Information provided:
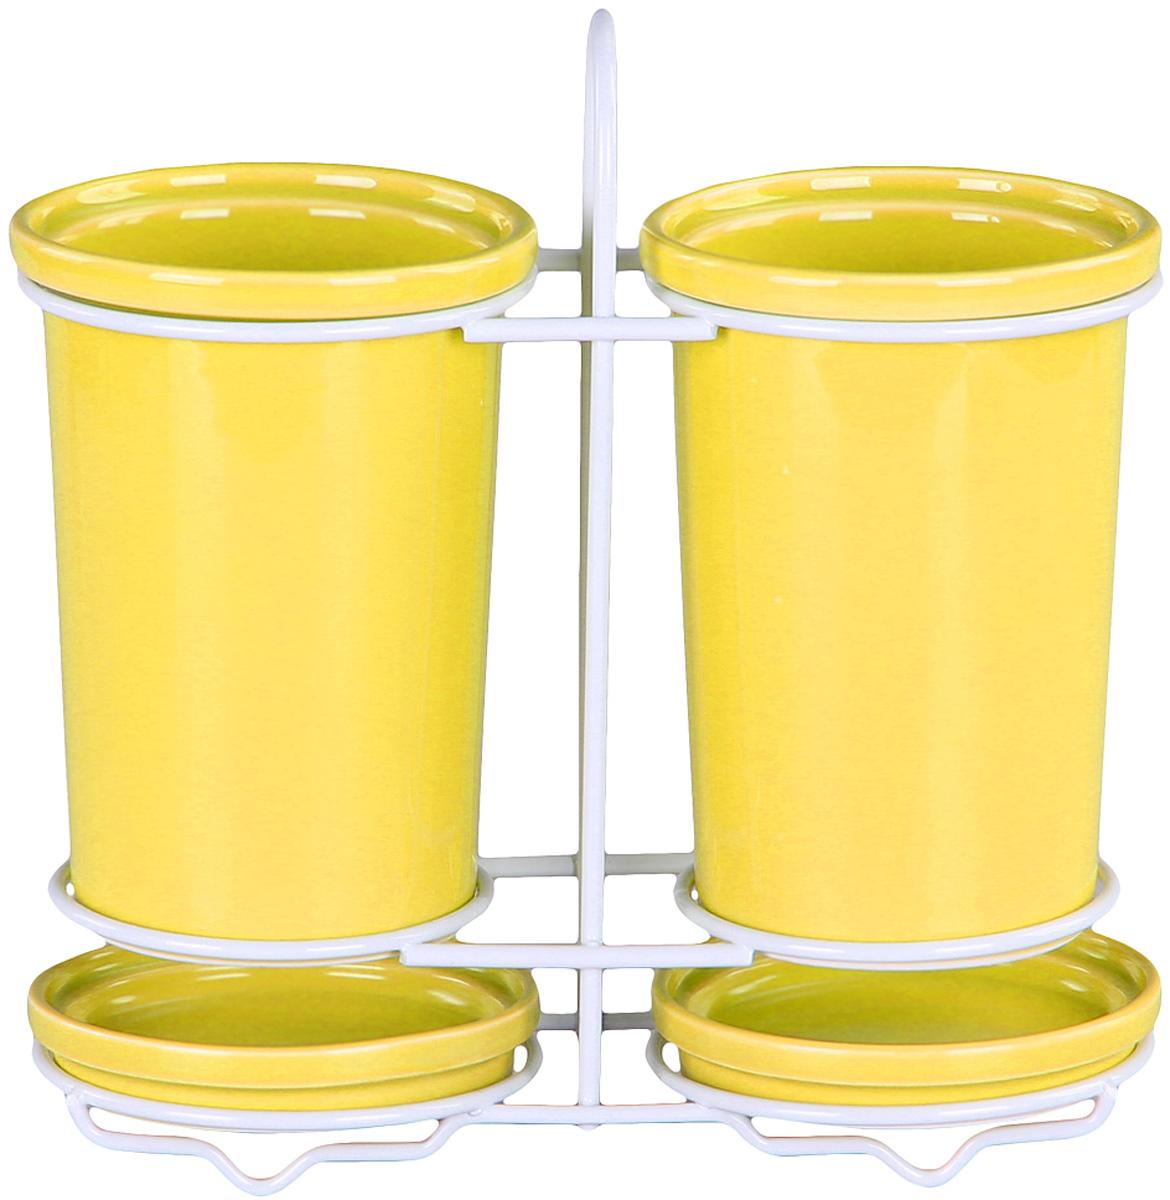 Подставка для столовых приборов PatriciaIM99-5234Подставка Patricia для столовых приборов и поддон выполнены из керамики, а специальный держатель из хромированной стали. Применение в производстве специальных эмалей позволяет керамике, используемой в этом изделии, соперничать по своим эстетическим свойствам с фарфором. Поддон для сбора воды легко мыть благодаря удобной конструкции держателя.Высота емкости для приборов: 13 см. Диаметр емкости для приборов: 8,5 см.
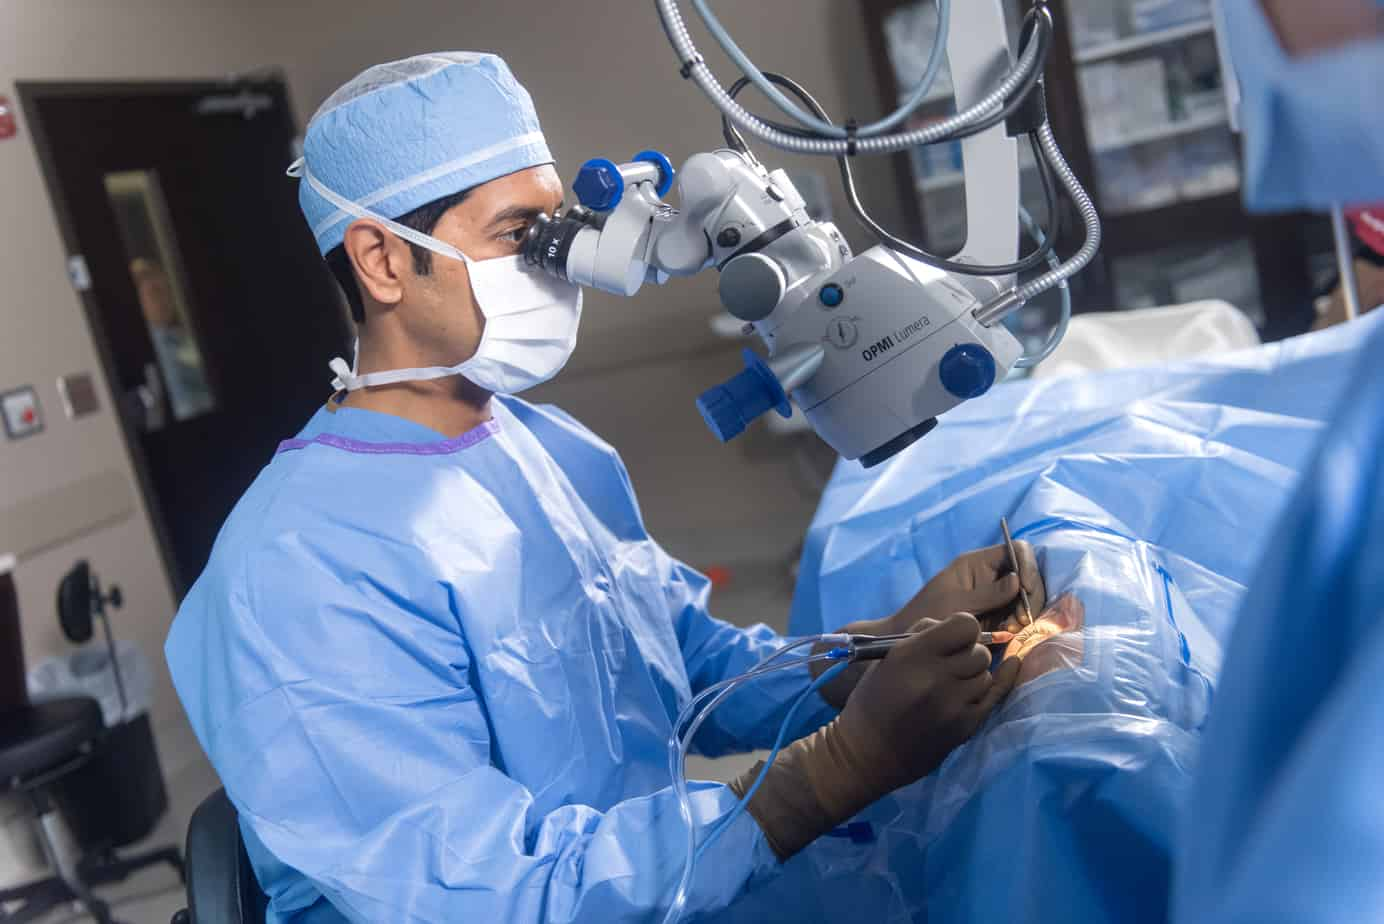 Правительство Марий Эл выделило 7,8 млн рублей на современное медицинское оборудование
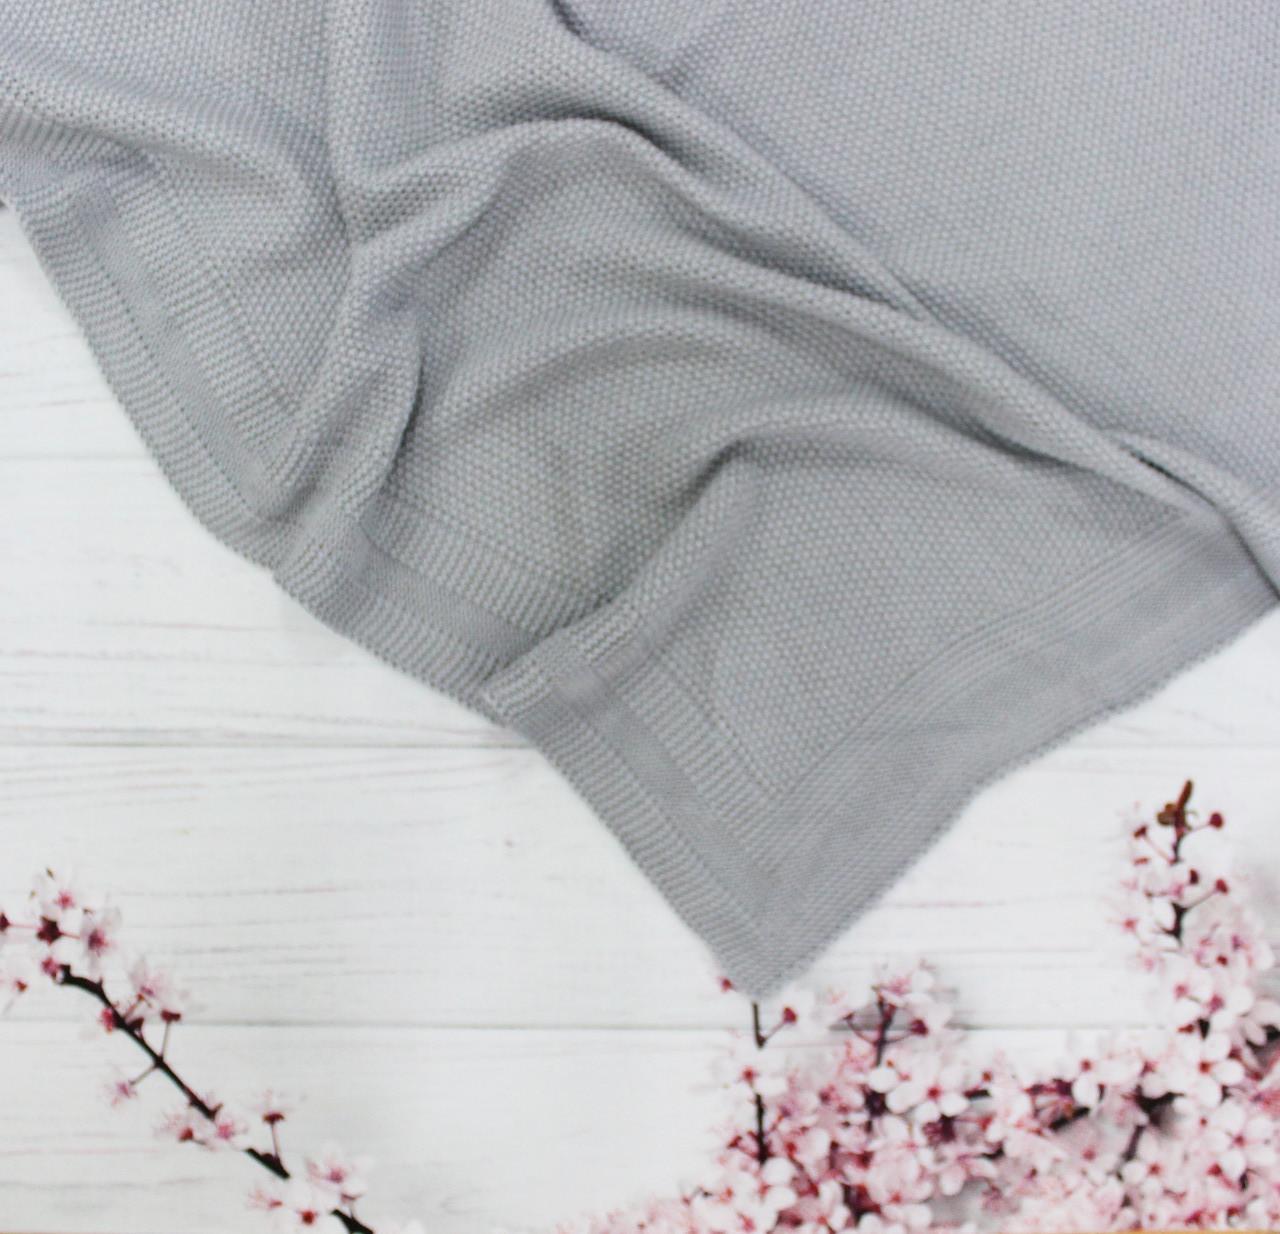 Плед вязанный гладкий цвет серый 95*75 см (90% хлопок, 10% акрил)

Aim of the task: Copy the listing over exactly, skipping the pictures it holds.

Exercise result:
 Подставка для столовых приборов PatriciaIM99-5234Подставка Patricia для столовых приборов и поддон выполнены из керамики, а специальный держатель из хромированной стали. Применение в производстве специальных эмалей позволяет керамике, используемой в этом изделии, соперничать по своим эстетическим свойствам с фарфором. Поддон для сбора воды легко мыть благодаря удобной конструкции держателя.Высота емкости для приборов: 13 см. Диаметр емкости для приборов: 8,5 см.
 Правительство Марий Эл выделило 7,8 млн рублей на современное медицинское оборудование
 Плед вязанный гладкий цвет серый 95*75 см (90% хлопок, 10% акрил)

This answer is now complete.